The FMA used this position as confirmation that the information presented to seminar participants was false and could mislead them.
"Seminar attendees were induced to purchase, purchased or intend to purchase, educational packages in reliance on false or misleading representations. They will not receive the promoted 2-3% return on their money, or be able to withdraw that money. They are likely to suffer material financial harm," Paul Gregory, the Executive Director of Response and Enforcement at the FMA, said.
During the November event, Suai Tito, a key speaker, claimed that individuals who purchased educational packages could expect a return of 2-3% per week and even 350% after 60 weeks. He assured that the funds were invested by a team of experts in the gaming market, cryptocurrencies, Forex, stocks, etc.
"Validus has made false or misleading representations to the public that had every appearance of an unregulated offer of financial products.
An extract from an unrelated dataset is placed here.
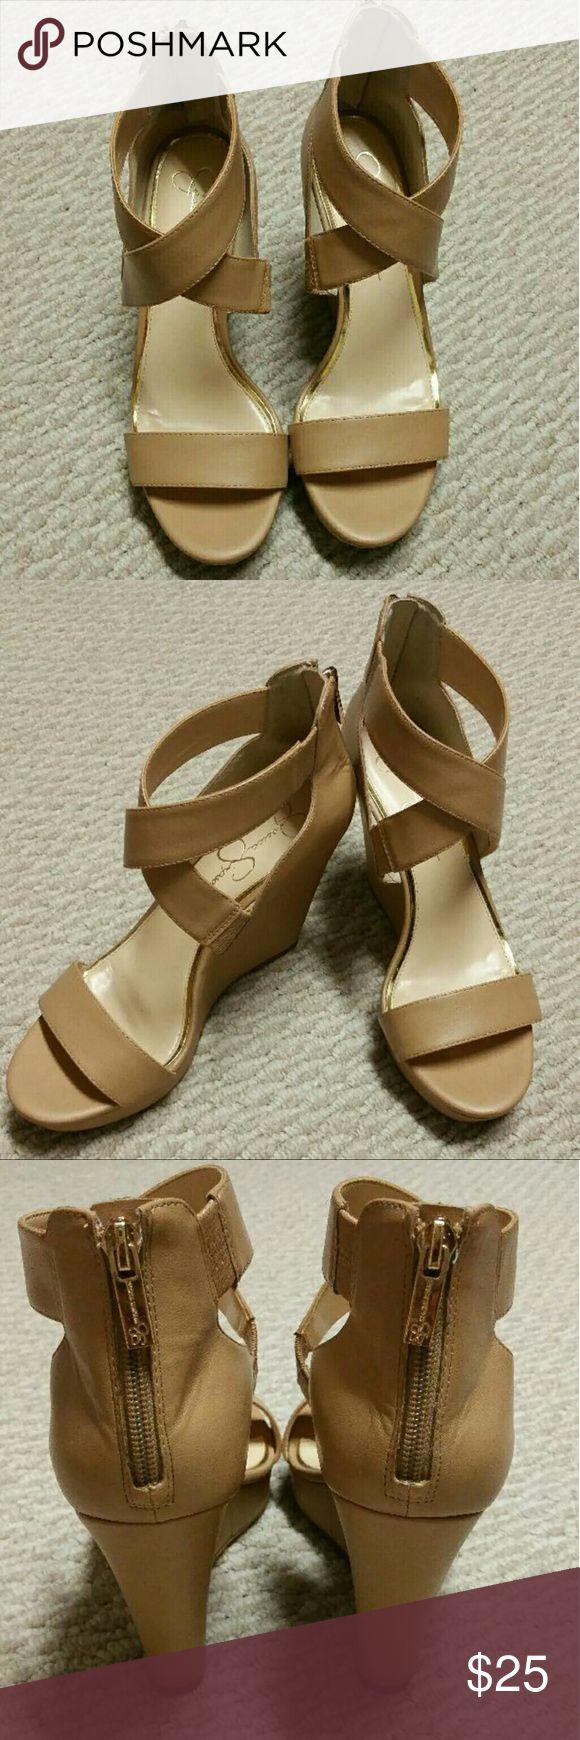 Jessica Simpson Beige Wedges Like new Jessica Simpson Beige Wedges Shoes Wedges

The FMA considers a stop order is the most appropriate and effective response in the circumstances," Gregory added.
As mentioned at the beginning, Validus has responded to the decision made earlier in the year. The appeal to the High Court took place in June, but the court issued an official decision this week and decided to reject the appeal.
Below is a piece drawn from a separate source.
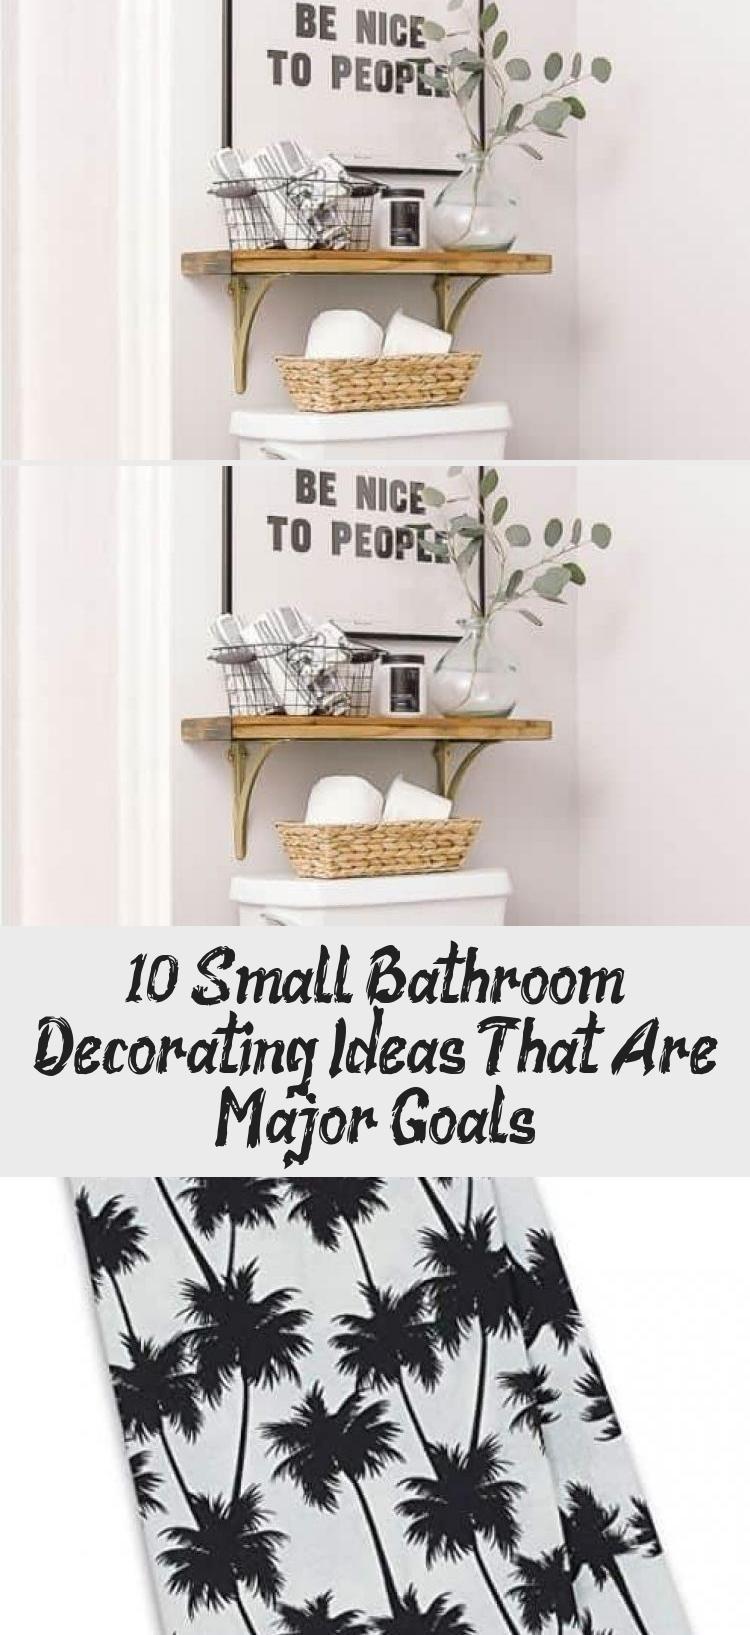 10 Small Bathroom Decorating Ideas That Are Major Goals  İdeasbathroom

The Number of Investment Scams Increases in New Zealand
Six months ago, the FMA reported that the number of crimes and investment frauds had increased last year by 17%. The regulator identified 111 cases during this period in all categories, representing an increase of 17% compared to 95 cases in 2021.
The FMA stated that fraud cases included 105 suspected dishonest programs, 48 unregistered companies, and one fake regulator (posing as the FMA). In 2021, these figures were, respectively 89, 24, and two cases.
The New Zealand regulator actively operates in the market, identifying suspicious investment entities. Finance Magnatesreported Yesterday (Tuesday) that the FMA issued a warning about Stake Funds and Capital Gold Investment activities. Stake Funds is an investment company that operates without proper registration. Capital Gold Investment is another company that came under scrutiny due to false claims of being a registered New Zealand company.
At the end of June, the regulator closed one of the more high-profile cases in recent years concerning alleged violations of the Anti-Money Laundering and Countering Financing of Terrorism (AML/CFT) Act by Tiger Brokers. In connection with violations from three to four years ago, the broker had to pay a fine of $900,000.